▶ _Data block_:
· · · ·
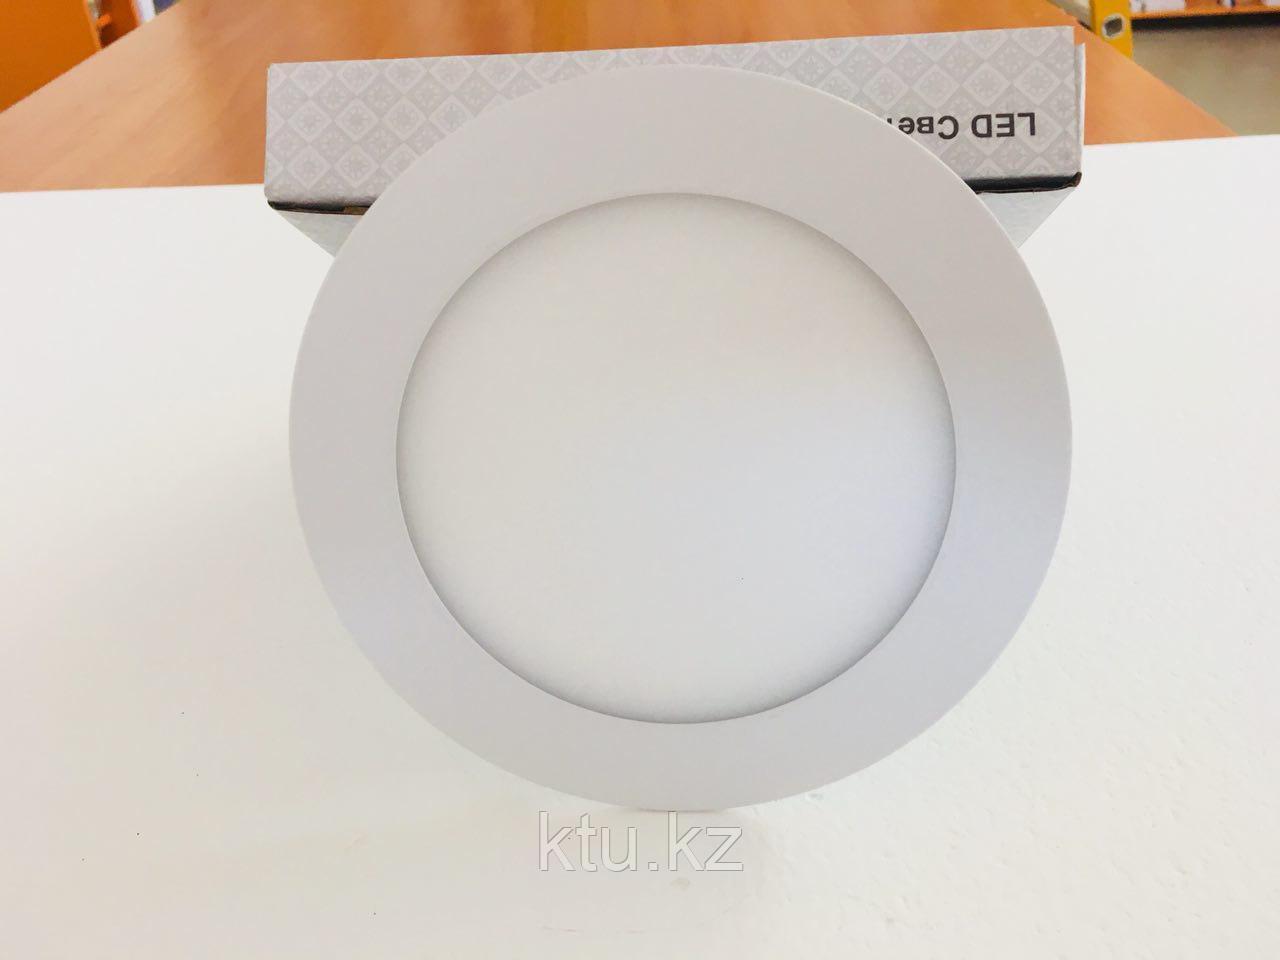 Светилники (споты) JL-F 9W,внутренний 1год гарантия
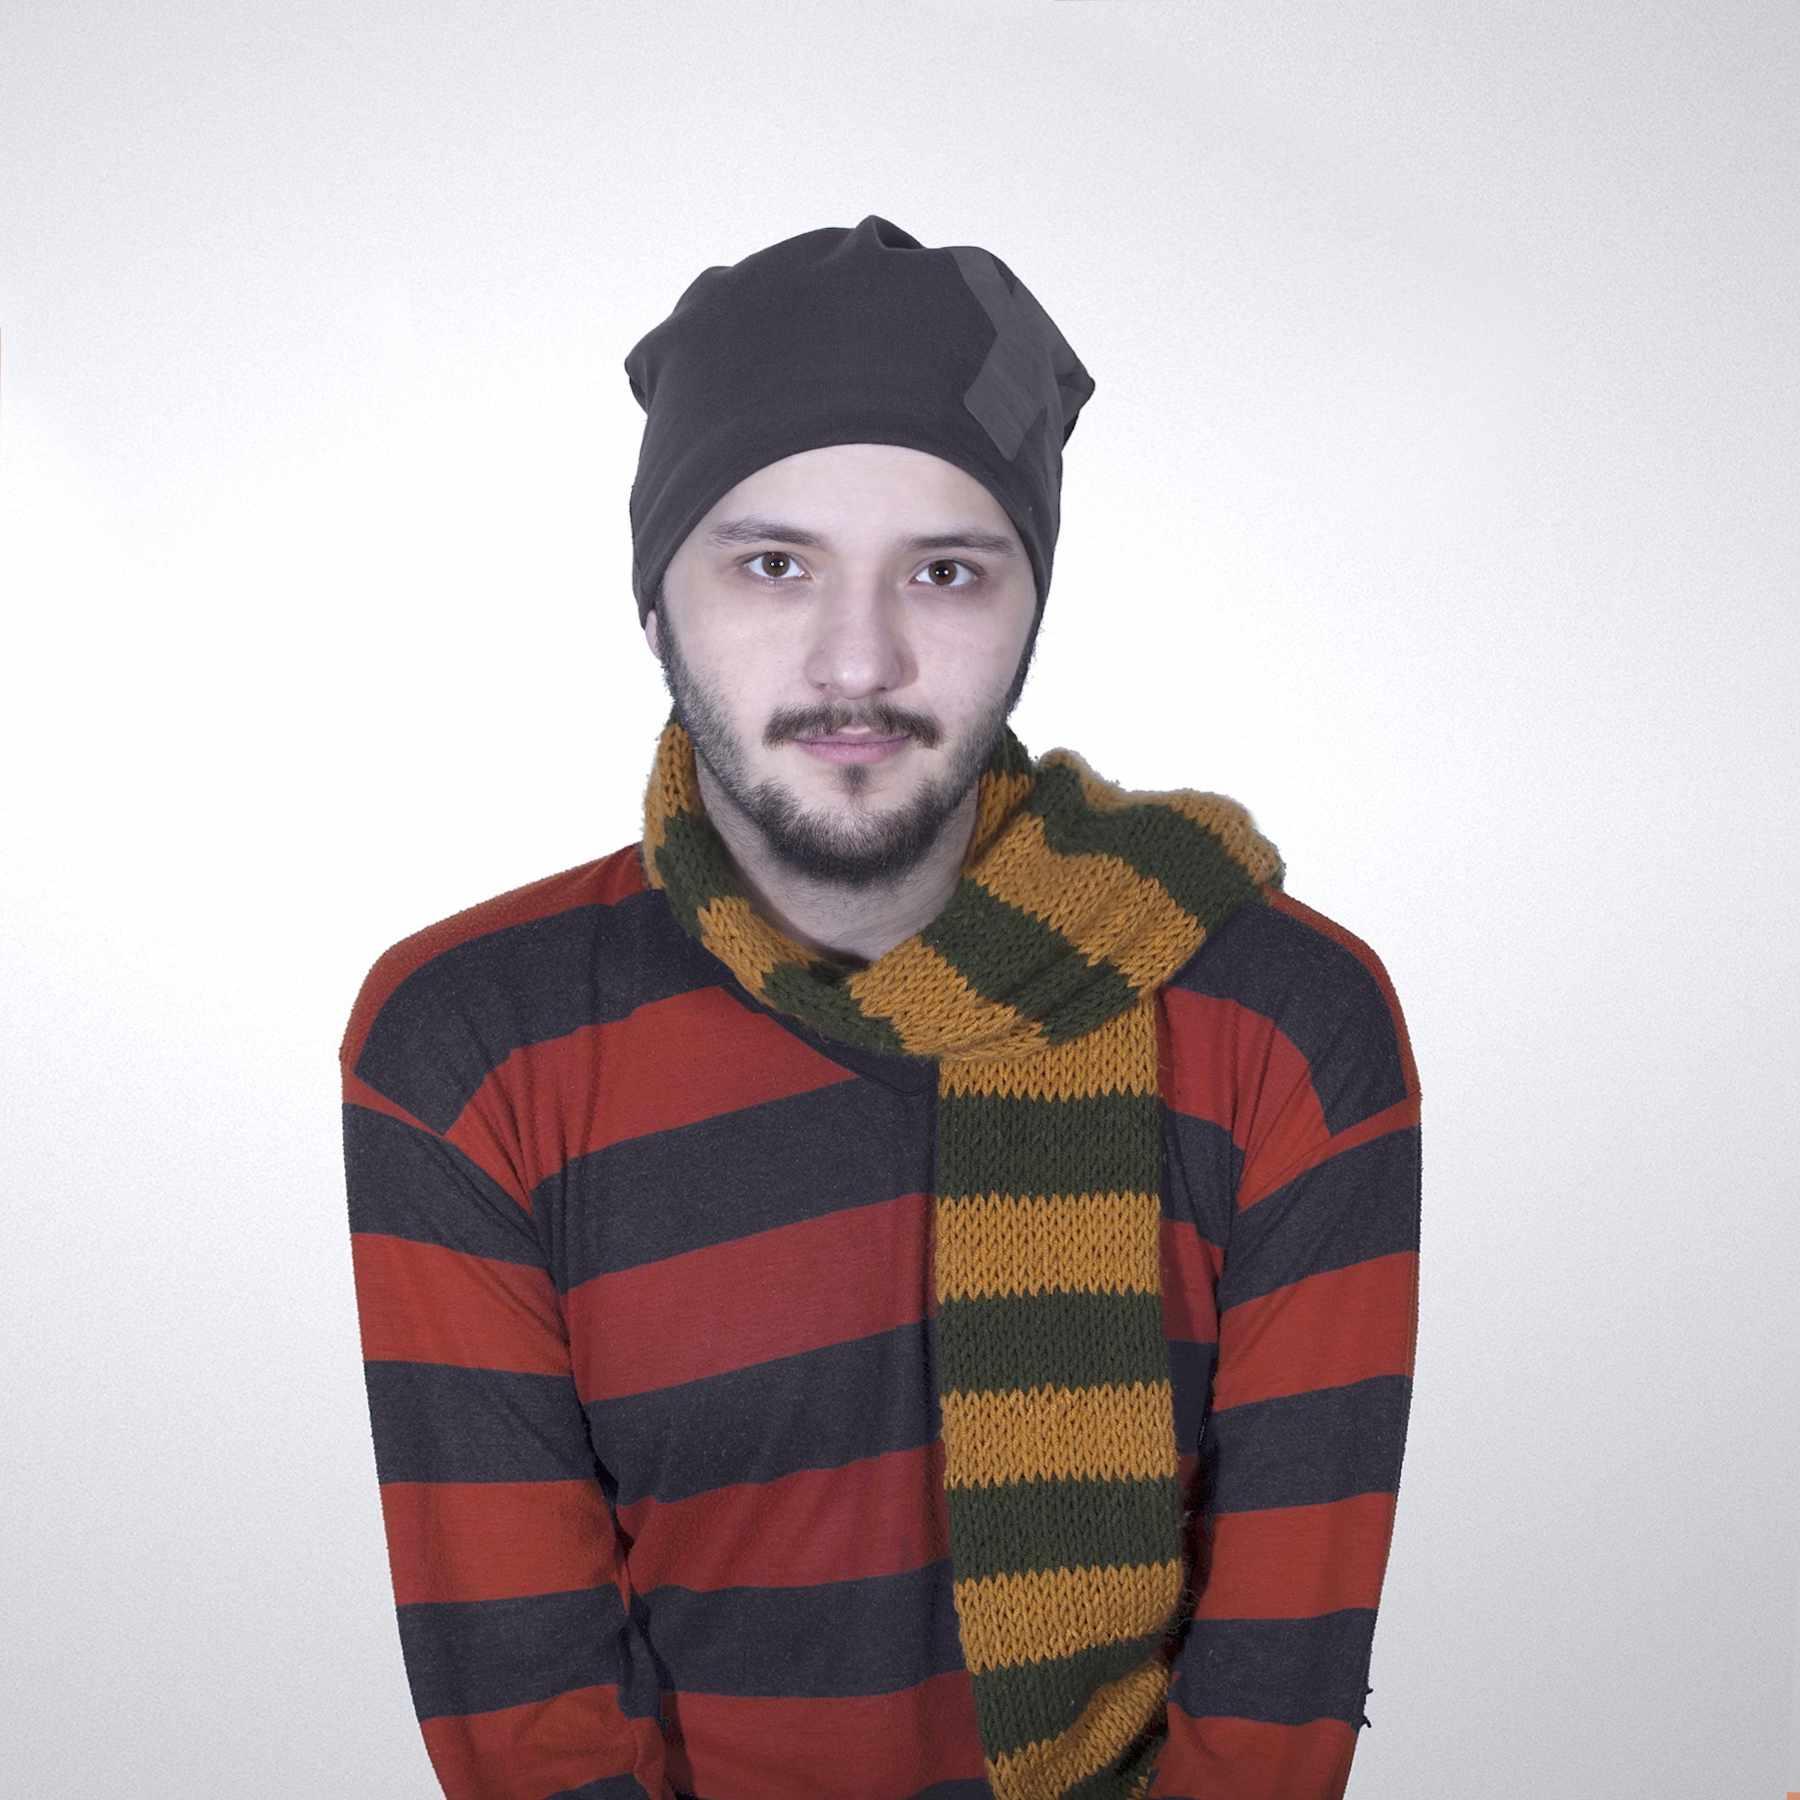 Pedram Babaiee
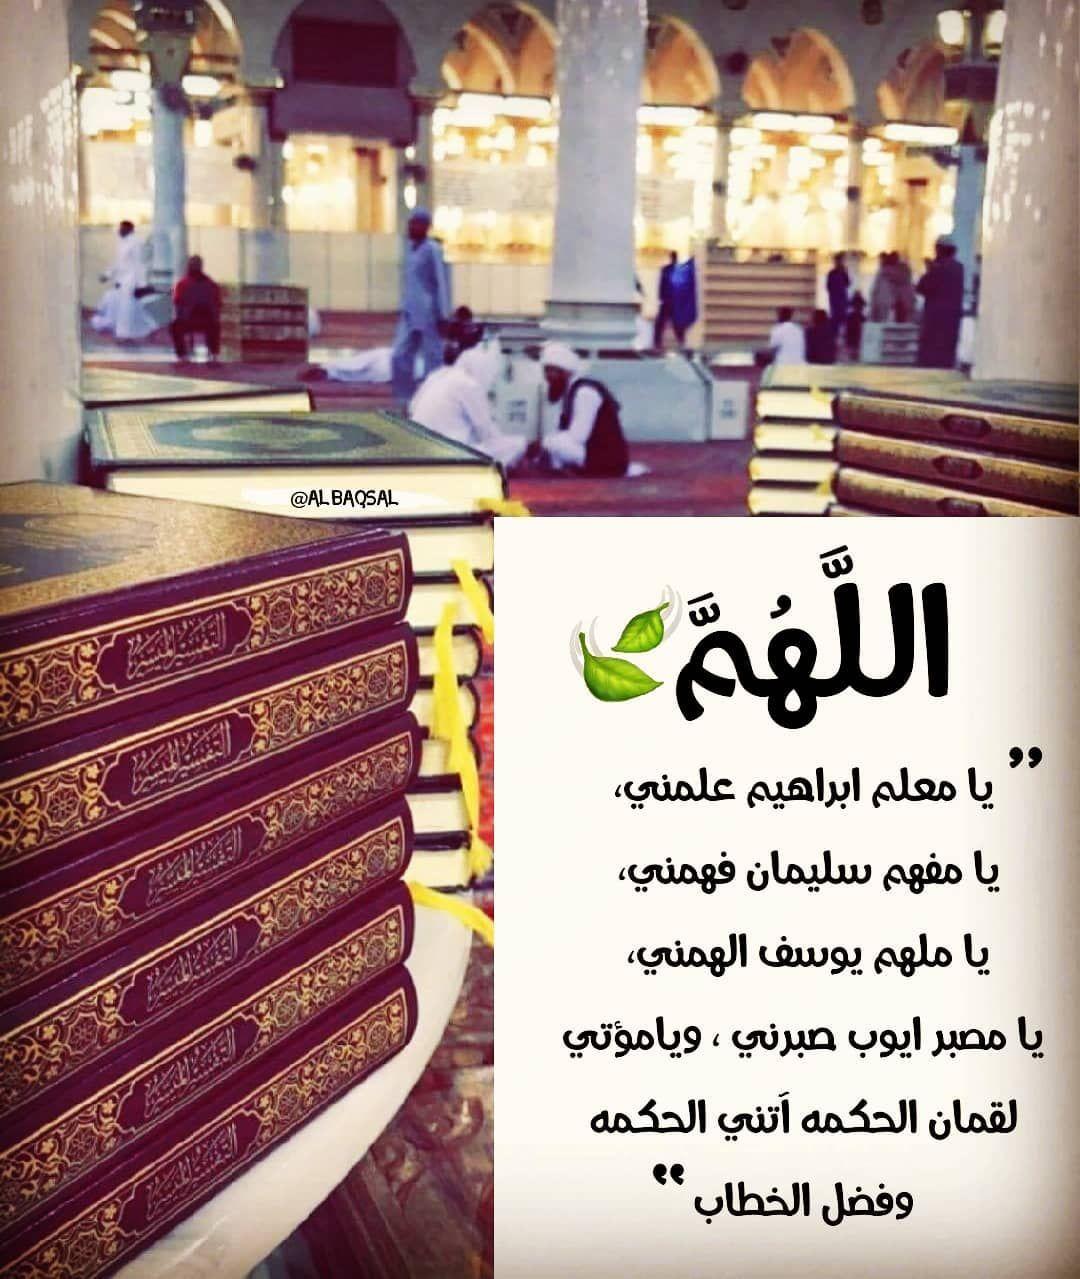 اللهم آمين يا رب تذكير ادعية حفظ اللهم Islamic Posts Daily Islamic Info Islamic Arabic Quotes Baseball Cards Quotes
· · · ·
▶ _Work order_: Skipping all pictures, set the listing down exactly as written.

▶ _Answer to the exercise_:
 Светилники (споты) JL-F 9W,внутренний 1год гарантия
 Pedram Babaiee
 اللهم آمين يا رب تذكير ادعية حفظ اللهم Islamic Posts Daily Islamic Info Islamic Arabic Quotes Baseball Cards Quotes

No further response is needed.